Source material.
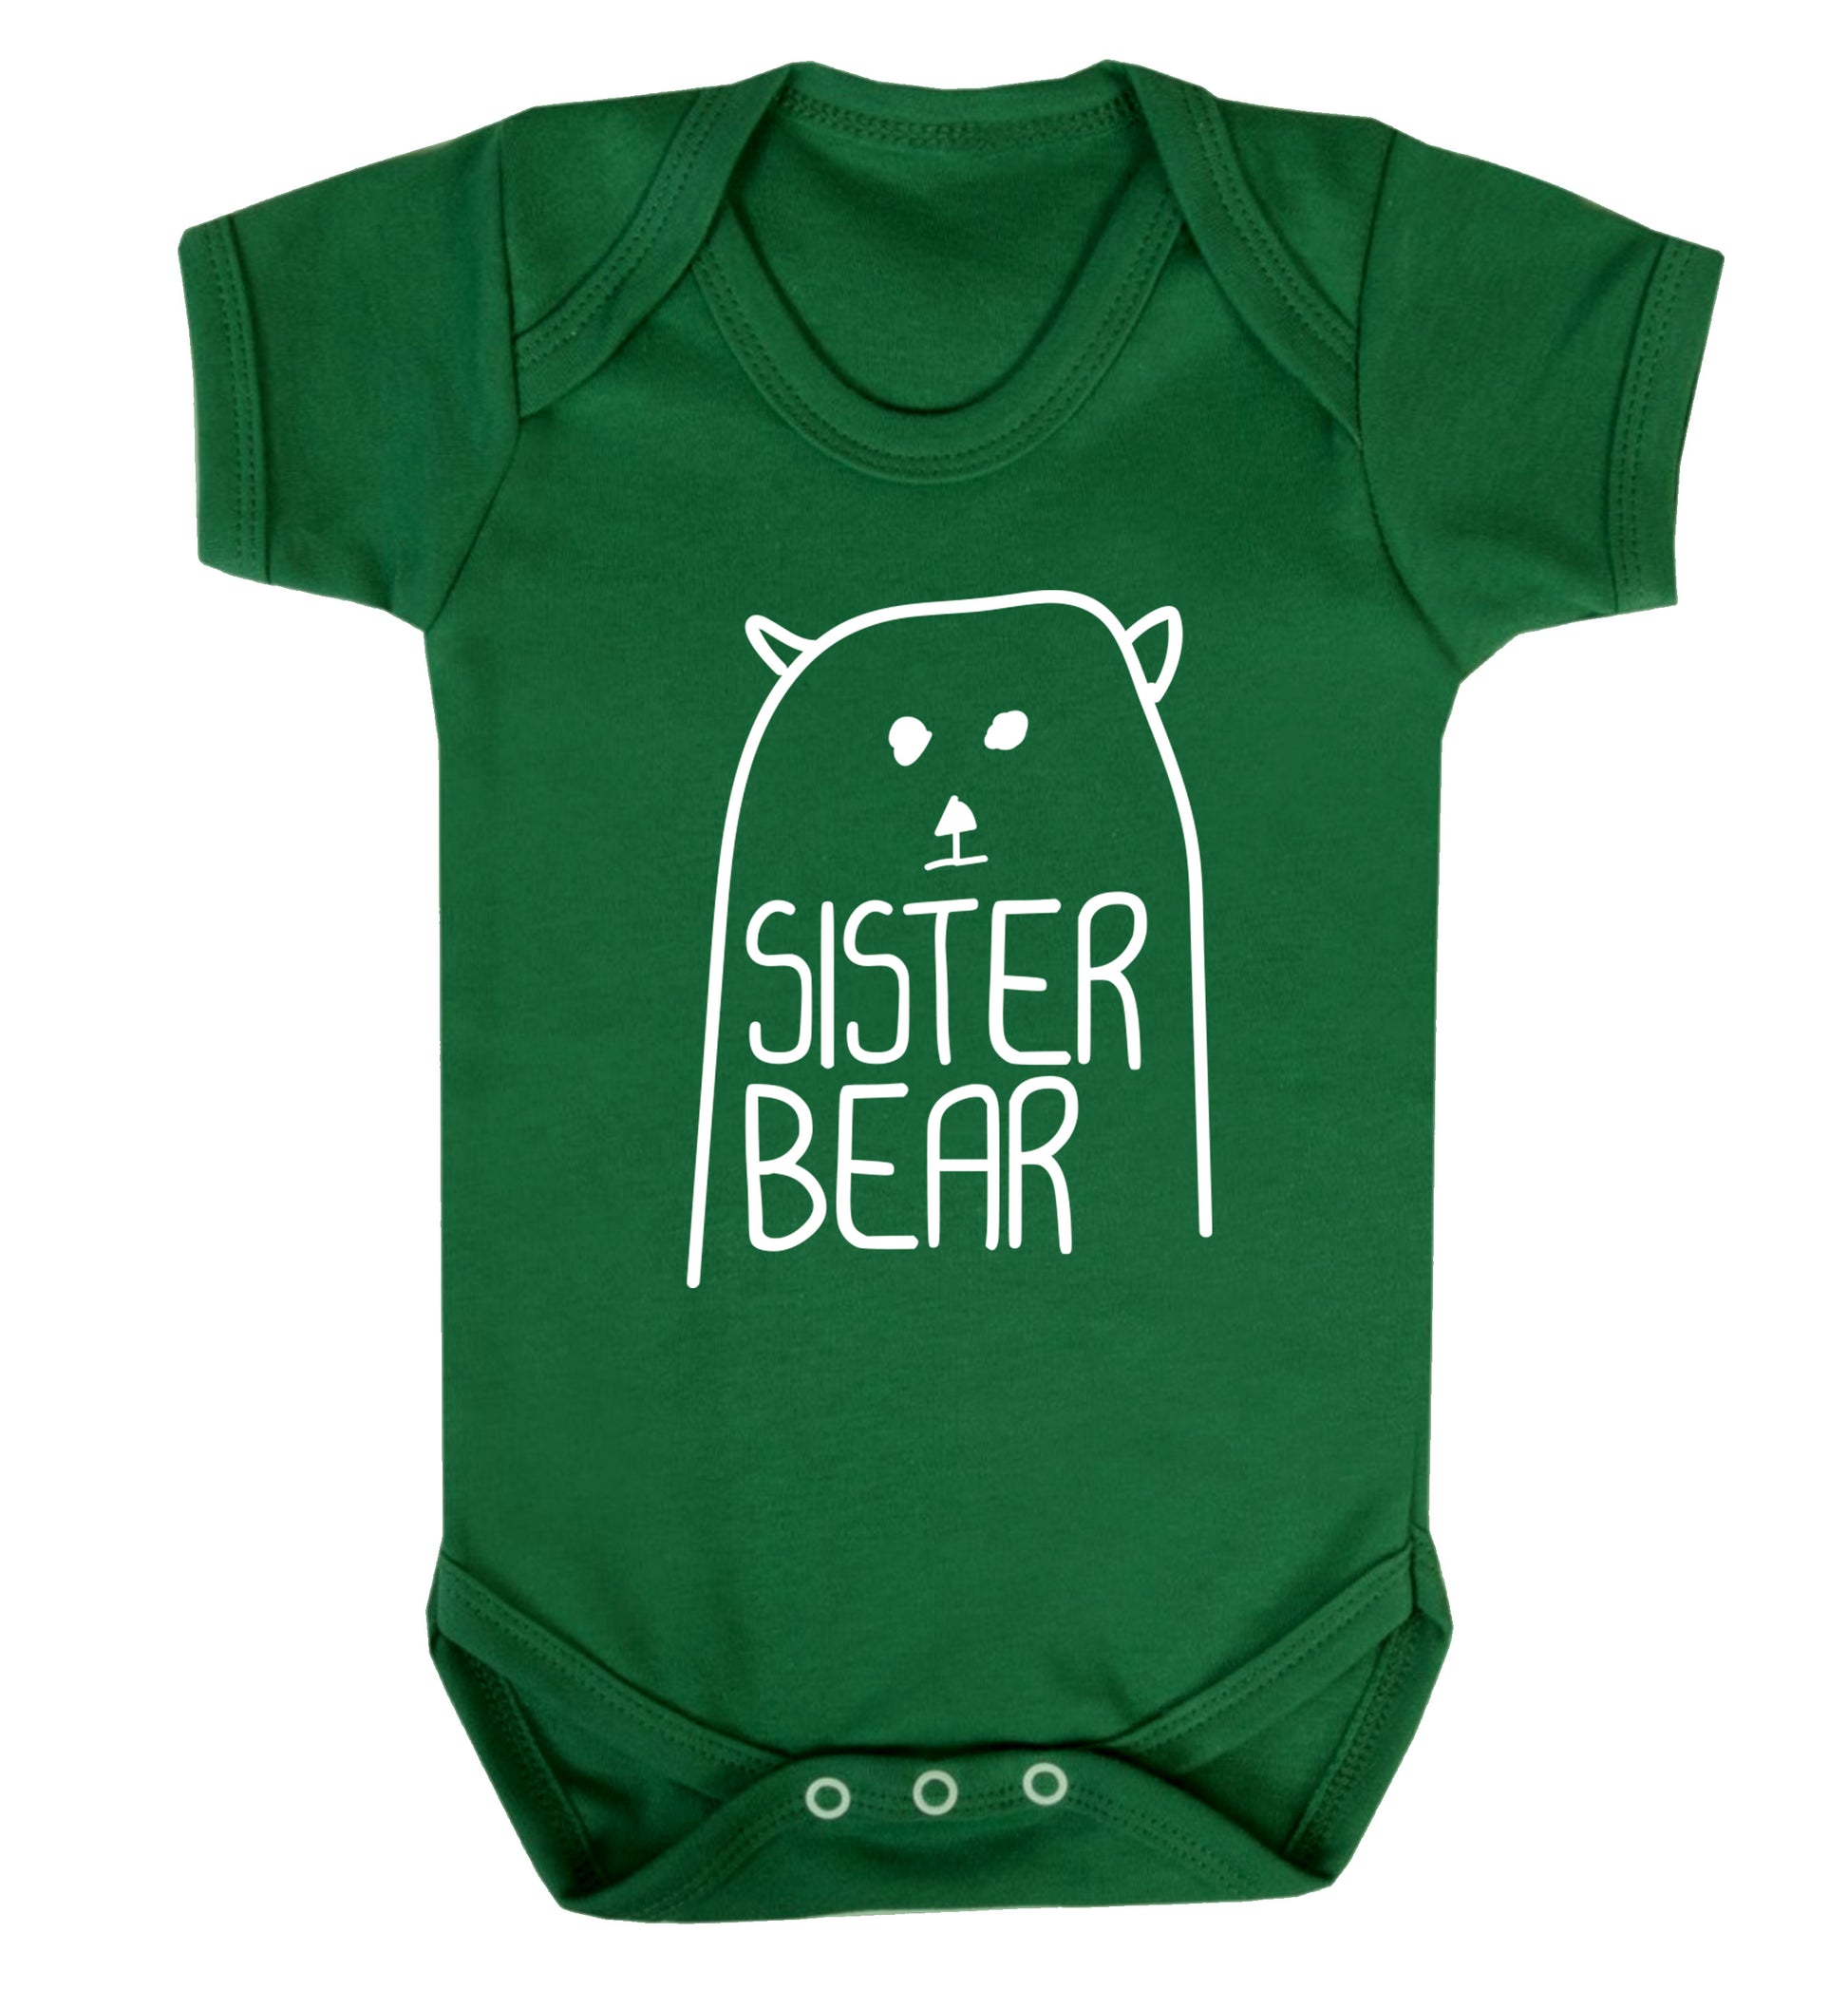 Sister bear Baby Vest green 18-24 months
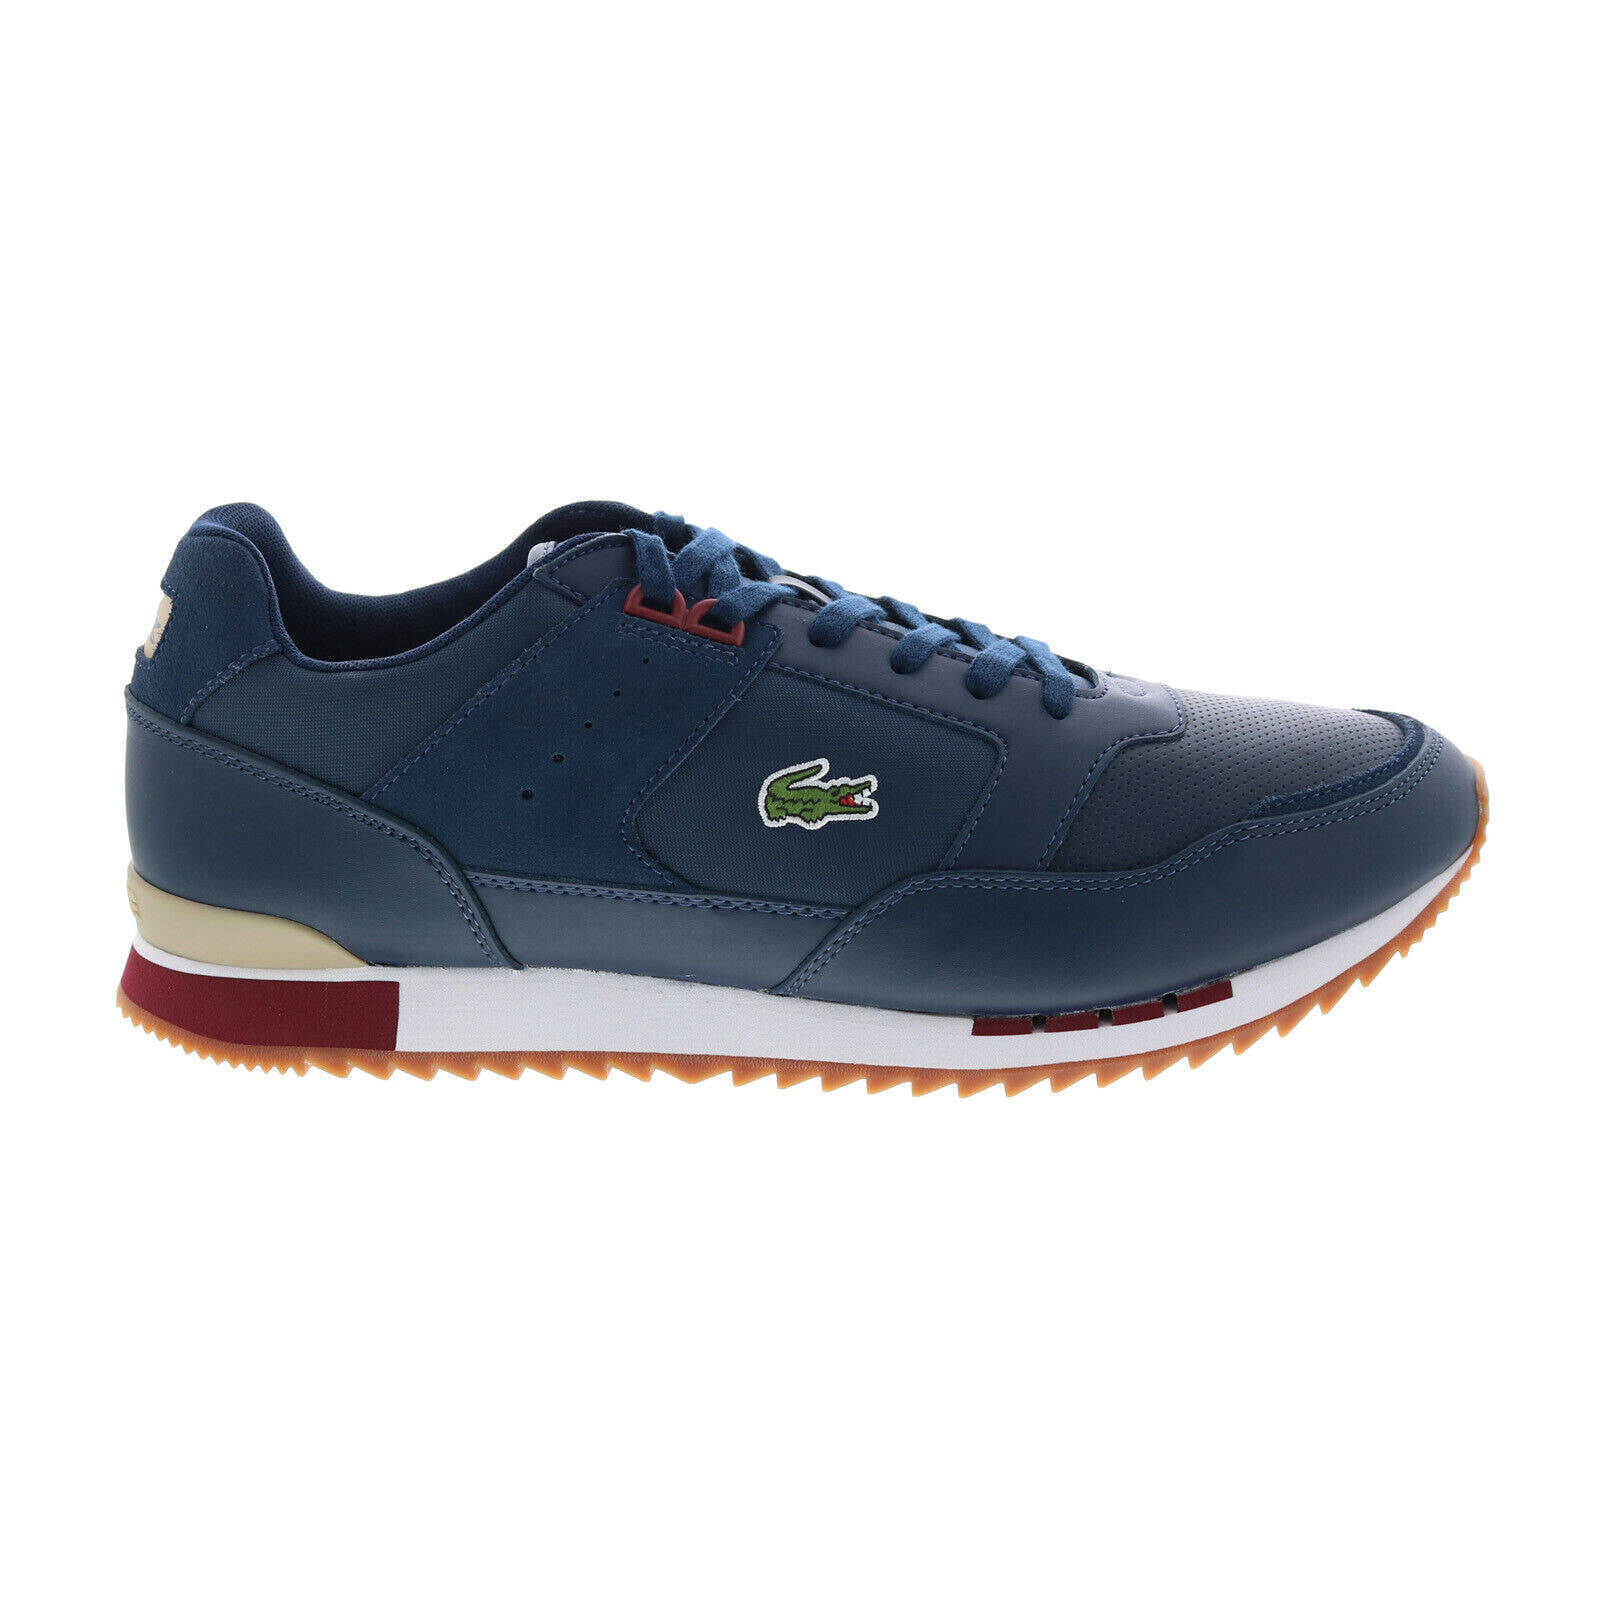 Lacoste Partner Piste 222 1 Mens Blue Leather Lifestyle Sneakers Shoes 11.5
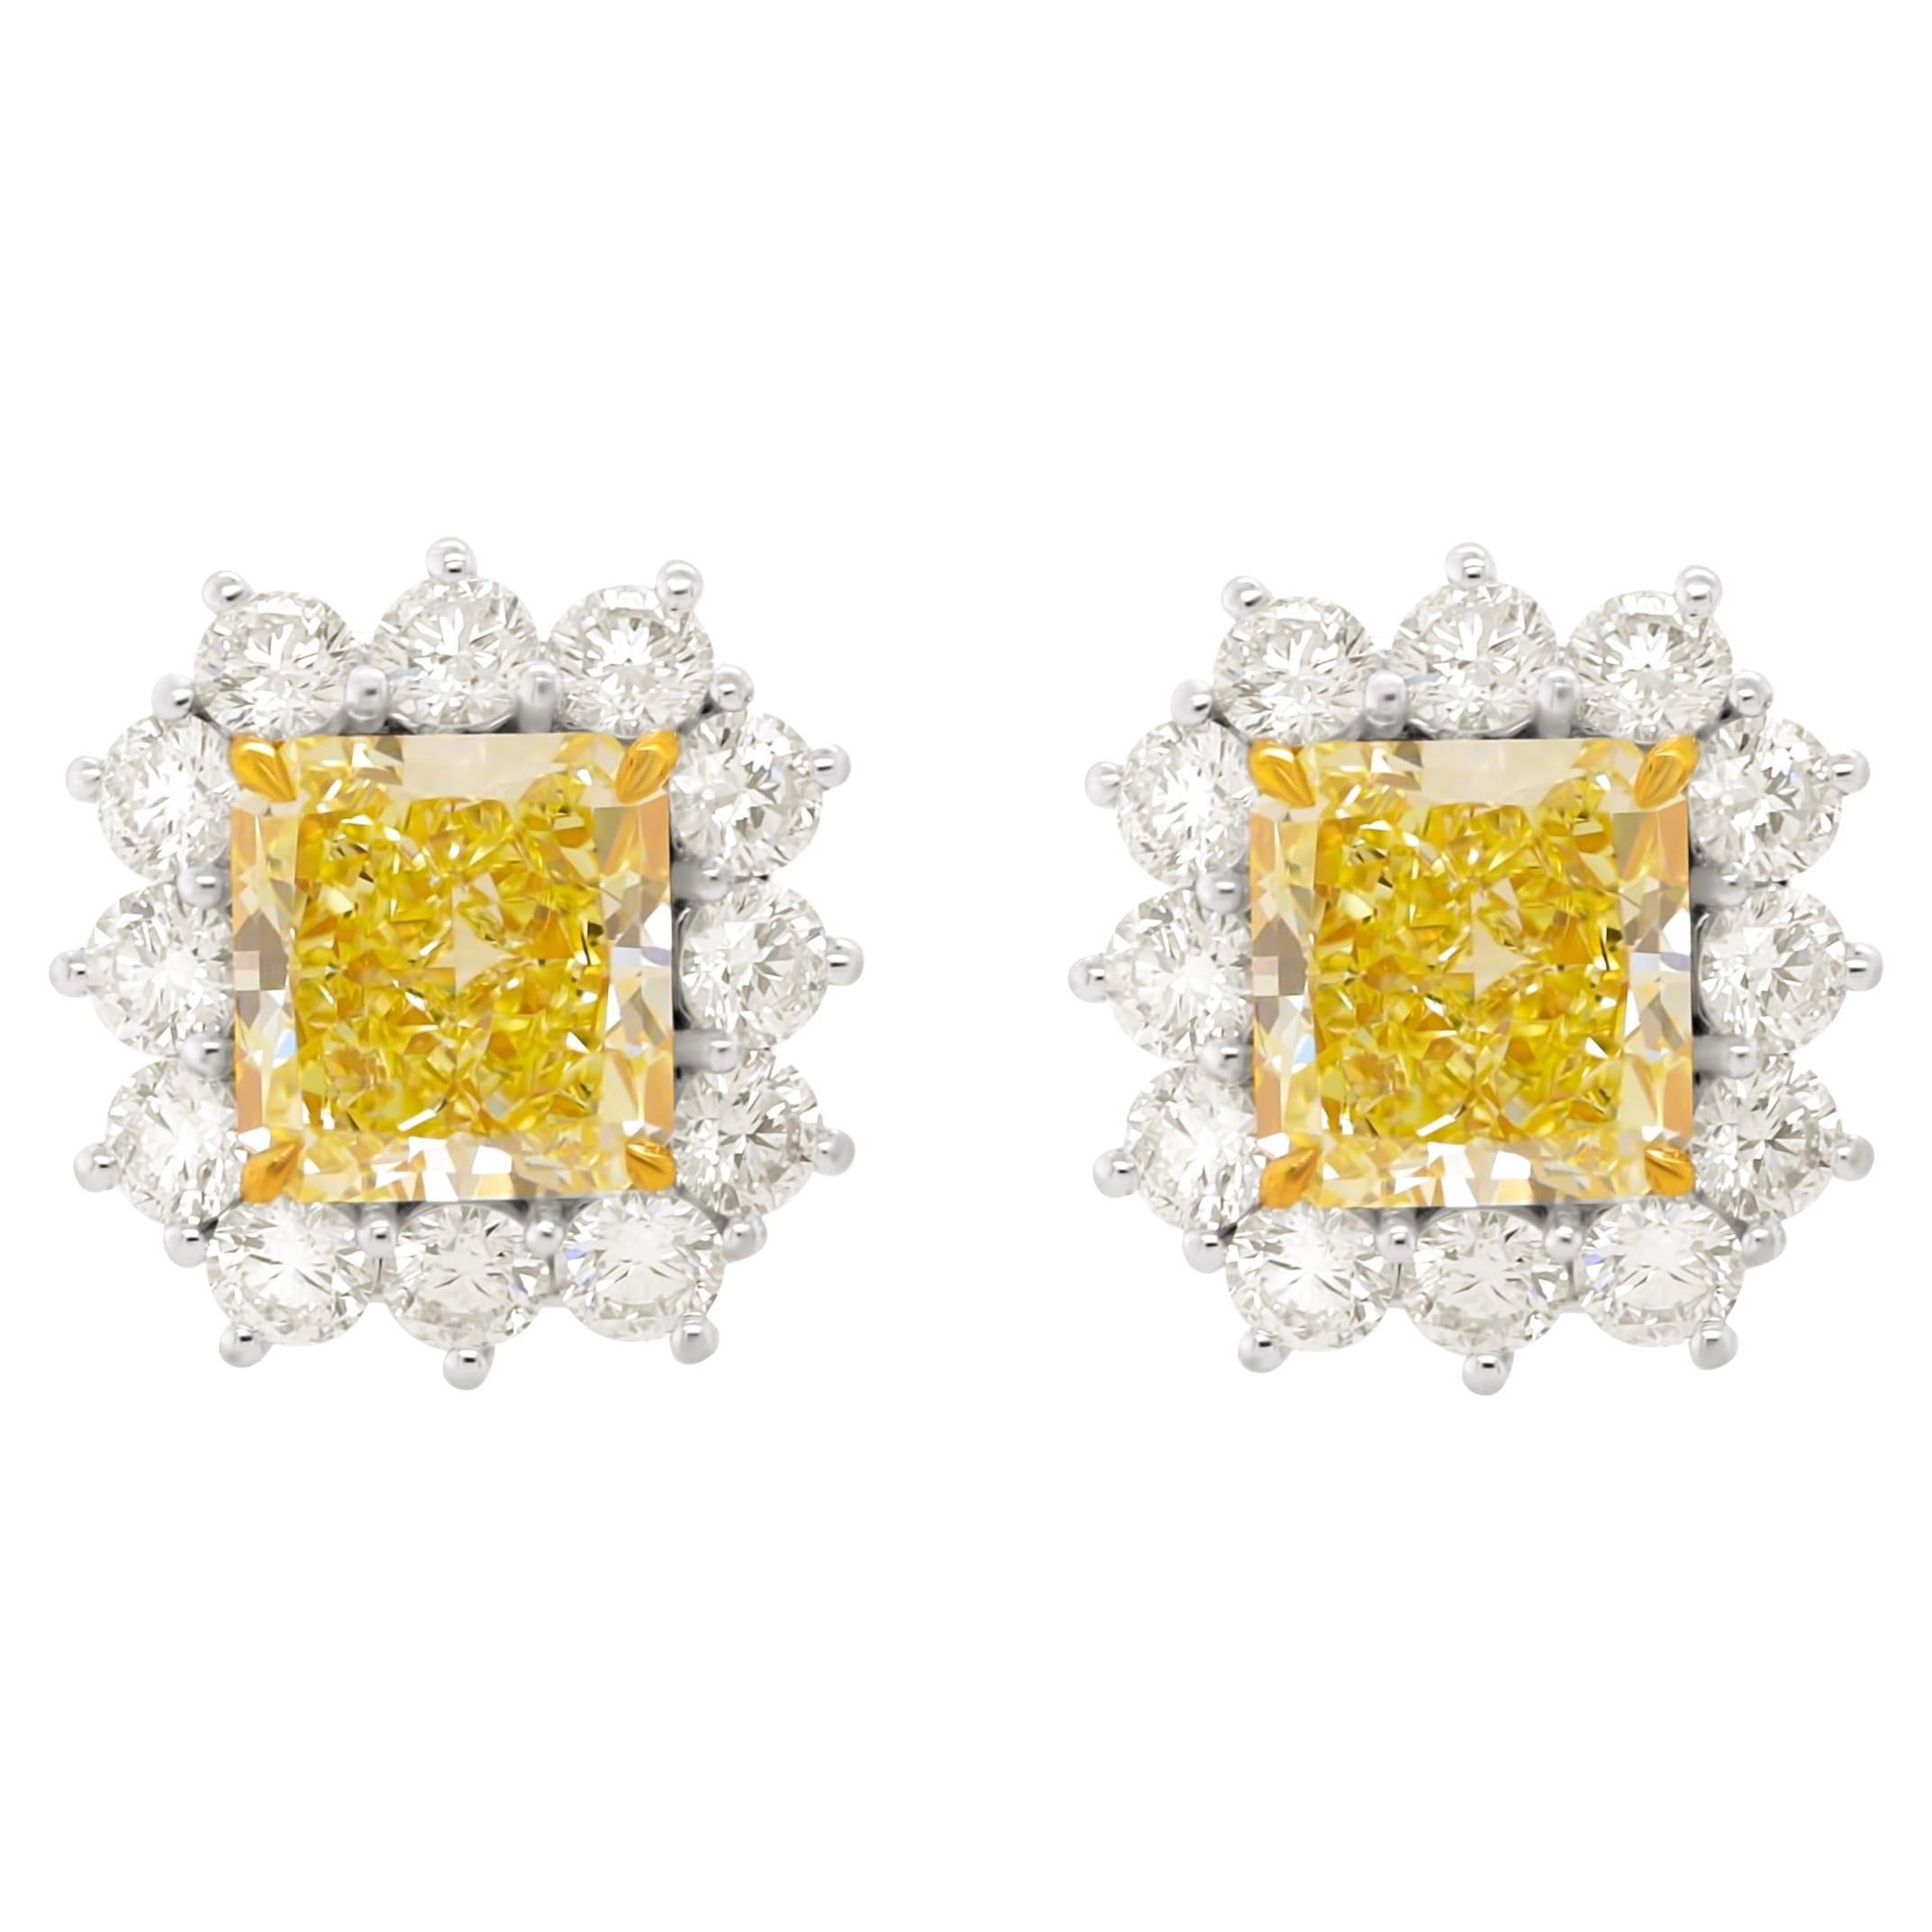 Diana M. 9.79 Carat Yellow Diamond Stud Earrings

Exercise directions. Although the material contains pictures, only the lines are to be written out, exactly as they stand.

Solution for this problem.
 Sister bear Baby Vest green 18-24 months
 Lacoste Partner Piste 222 1 Mens Blue Leather Lifestyle Sneakers Shoes 11.5
 Diana M. 9.79 Carat Yellow Diamond Stud Earrings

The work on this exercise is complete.